Seasonal workers will see reduced hours if the same volume of fish is not being taken through the port. Reduced volumes of fish coming through the port will see long term employees being made redundant. Sea processors feel that boats will be left to rust in the harbour if it doesn’t merit reinvesting in them.
David Gallagher of the century old Gallagher Bros (Fish Merchants) Ltd said that they are signed up to Origin Green. The overall ambition of the Origin Green programme is that Irish food is the first choice globally because it is trusted as sustainably produced by people who care. Those who sign up make measurable commitments for the purpose of verification to maintain the integrity of the business.
Mr Gallagher said that a vessel which could land with five or six hundred tonnes of fish onboard will be transported via tanker to the factory, using the refrigerated water onboard but the new rules mean that water must be separated at pier side, and fish weighed there, new chilled water must be obtained, creating twice the current demand for water. He said that the move adds to waste of energy and water - which is contrary to the Origin Green initiative of Bord Bia: “Now, we are expected to take that catch ashore, take it to this factory where we have to use fresh drinking water, add salt into it, the chlorinated drinking water can bleach mackerel - the black stripes and gills can go white,” he said.
“There would be huge costs to create more slush ice using drinking water, not counting the carbon footprint,” he said.
Some seafood processors have concerns that the new proposed method could impact water locally. A tanker of fish which comes off the boat is suspended in refrigerated sea water (RSW). Mr Gallagher said that draining tankers of fish will affect the quality of fish:“The top layer will get progressively worse than the bottom layer which is held in the water all the time.”
At present, €70,000 is being spent on fresh water in fish processing.

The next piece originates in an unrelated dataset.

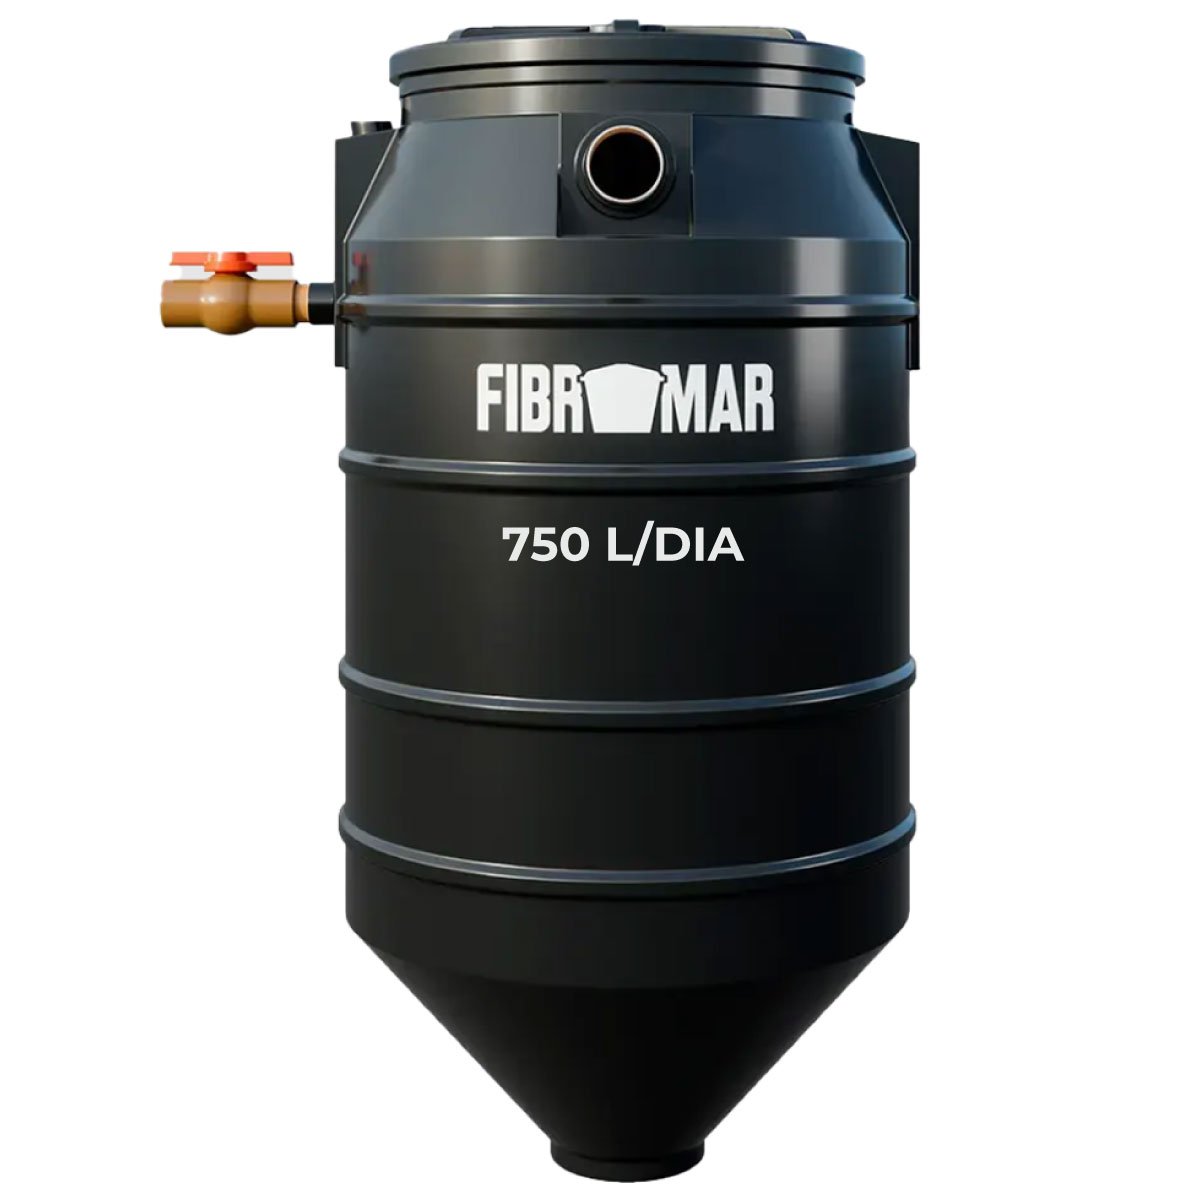 Fossa Séptica Biodigestor 750 Litros/dia - Fibromar - 1

He said that this figure will be doubled if the RSW is taken away.
Fears of water shortages
Martin Meehan of Premier Fish expressed concerns that Irish Water has already notified the sector that no additional water capacity exists in the town supply for the quantities of water required. He called for leadership on the issue. He said the introduction of weighing at the pier works against sustainability and will hinder them from meeting their Origin Green requirements.
Micheal O’Donnell of Island Seafoods said that while they pride themselves on quality food he feels that the quality is now dictating it anymore.:“Now with a stroke of a pen it’s gone.”

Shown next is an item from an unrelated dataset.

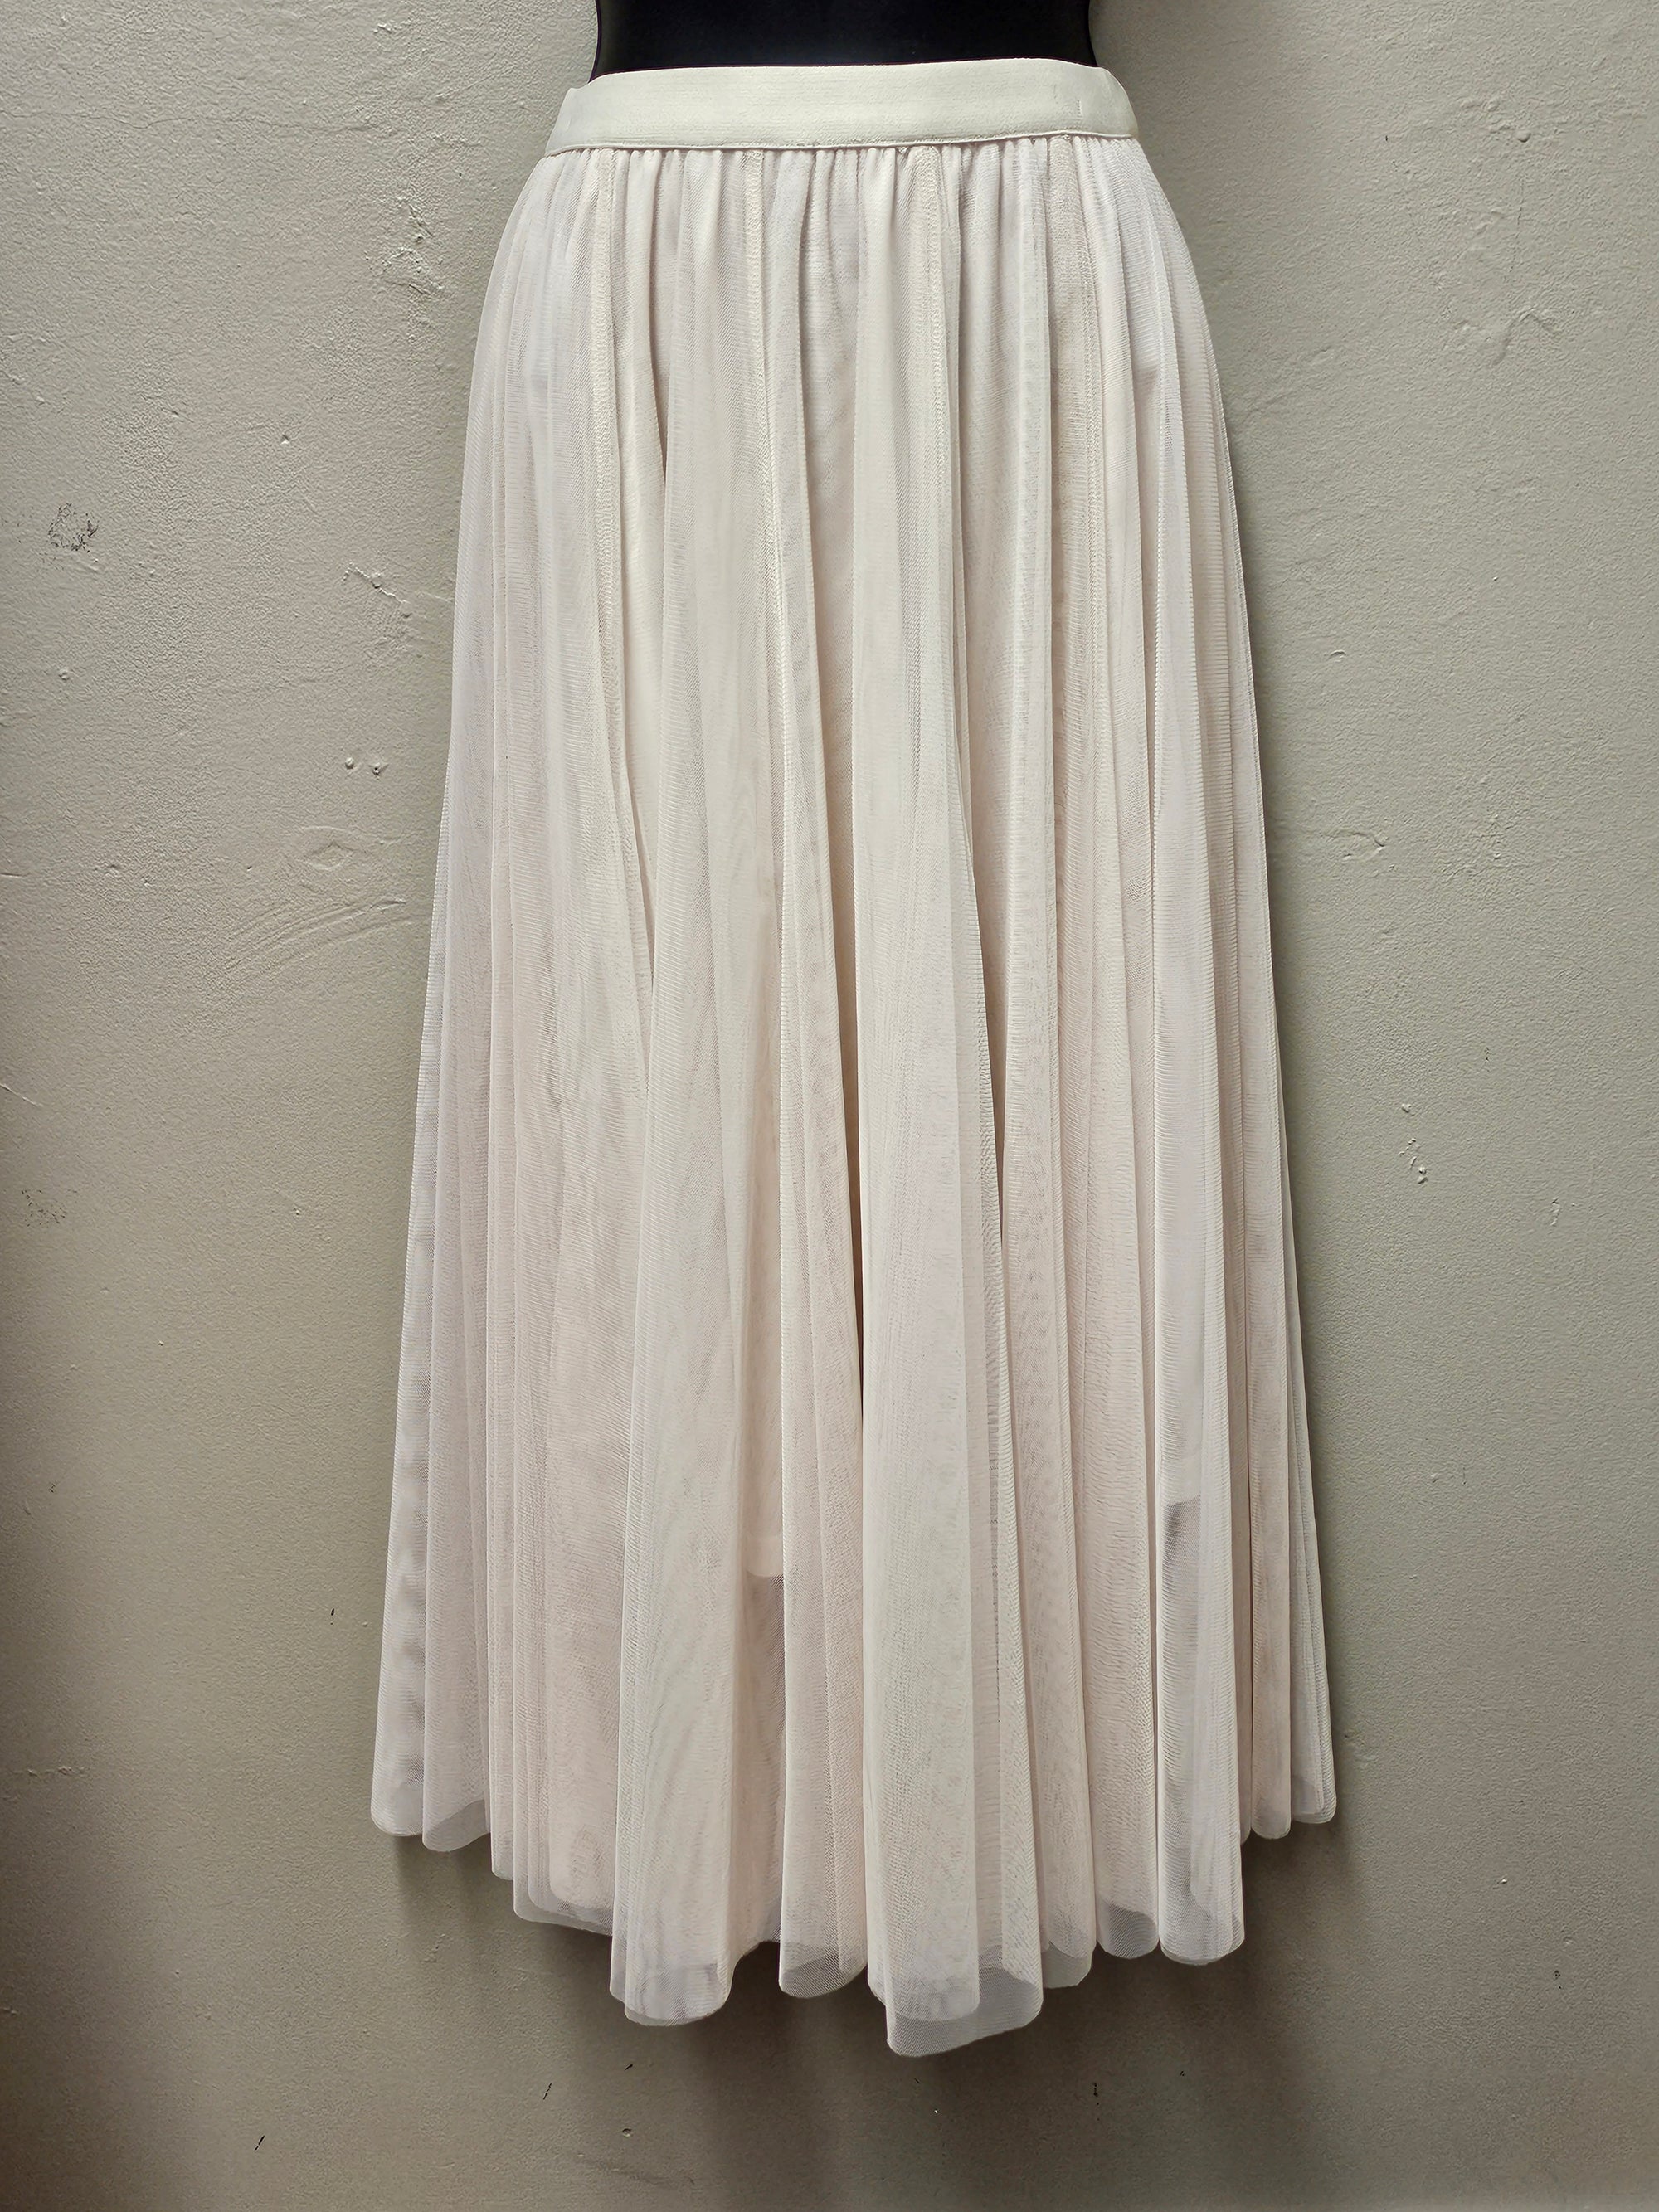 4 Color Ways - Elegant Long Tulle Skirt

He feels strongly that there is a lack of leadership on the issue and called on the minister to represent the Donegal industry.
Tony Byrne of Norfish said that he feels the relevant authority in Ireland has worked against them for a long time: “This wouldn’t go on in the beef factories. It would only go on for one day,” he said.

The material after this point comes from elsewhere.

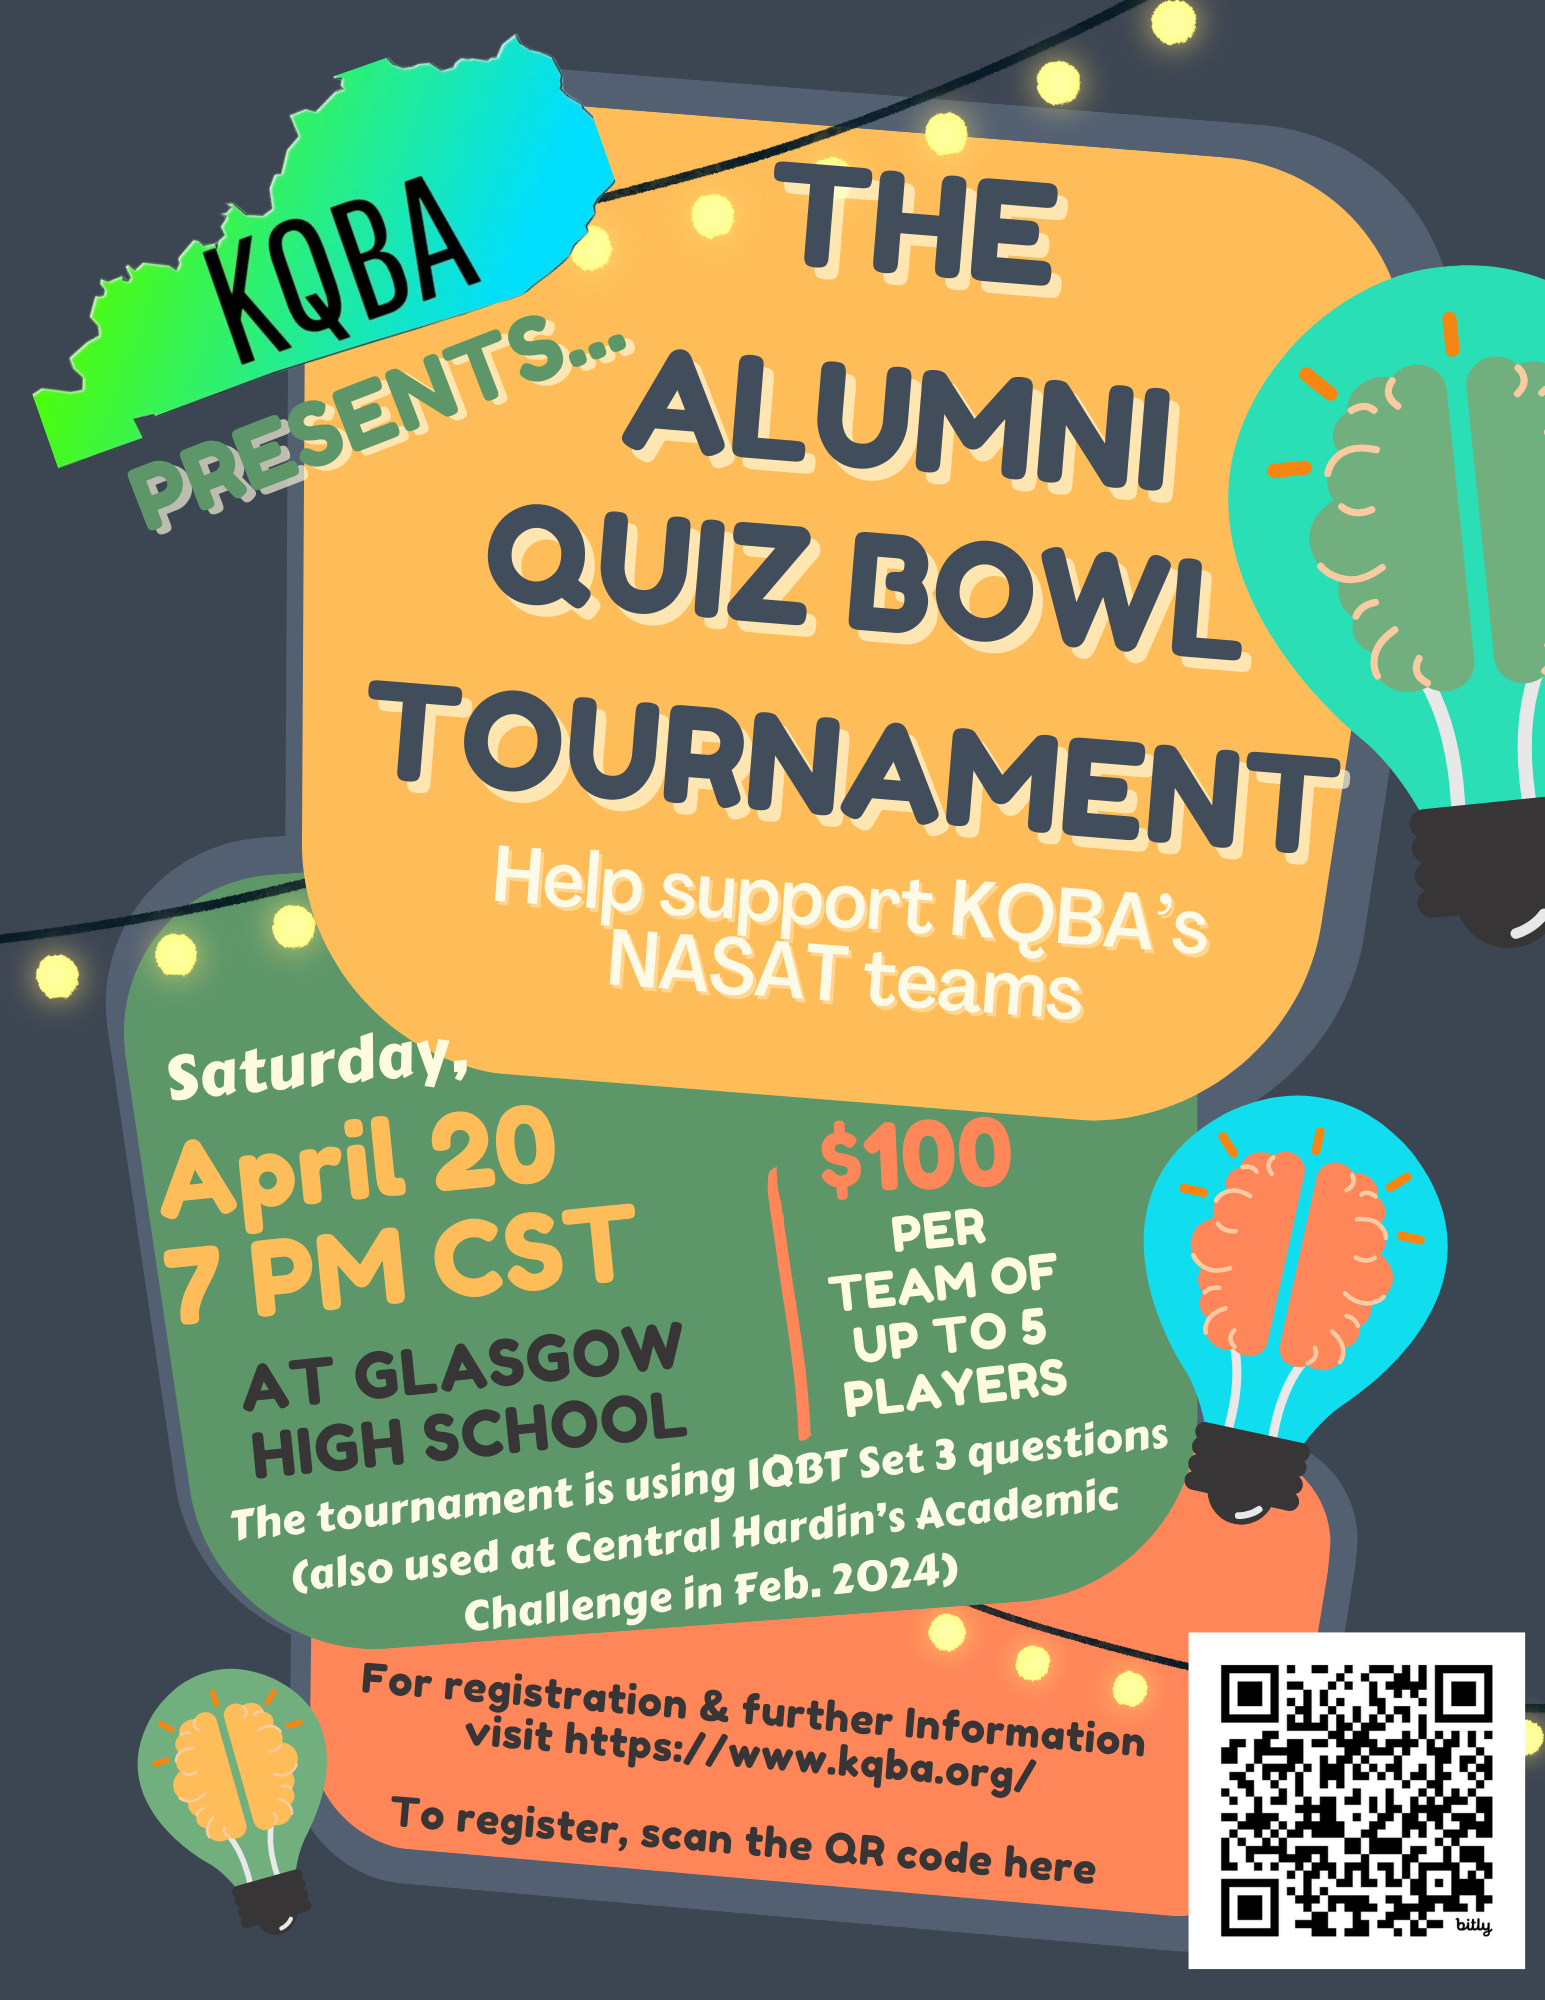 KQBA Alumni Tournament Announcement

Brexit has had a grave impact on the seafood industry and has questioned the sustainability of the business for future generations.
“Mackerel is our most important species both by value and by volume so essentially the outcome of Brexit has undermined the bedrock of our businesses,” Mr Mc Hugh said.
Over the years, the fishing industry in the south of the county has helped generate much-needed cash into the local economy: “It’s not just the catching vessels and the processing businesses, it’s all the ancillary services like the net manufacturers, the engineering services, hydraulics, electronics, shipbuilding, ship repair, refrigeration services right down to the hotels, the supermarkets that supply food for the vessels. There are huge ramifications.”
The fishing quota is not only the lifeblood of the industry but also the lifeline of the industry, he said.
Fishing rights were sacrificed, he feels on joining the EU and fishermen have a low entitlement of fish in their own waters, and for that to be undermined even further is not acceptable, he said.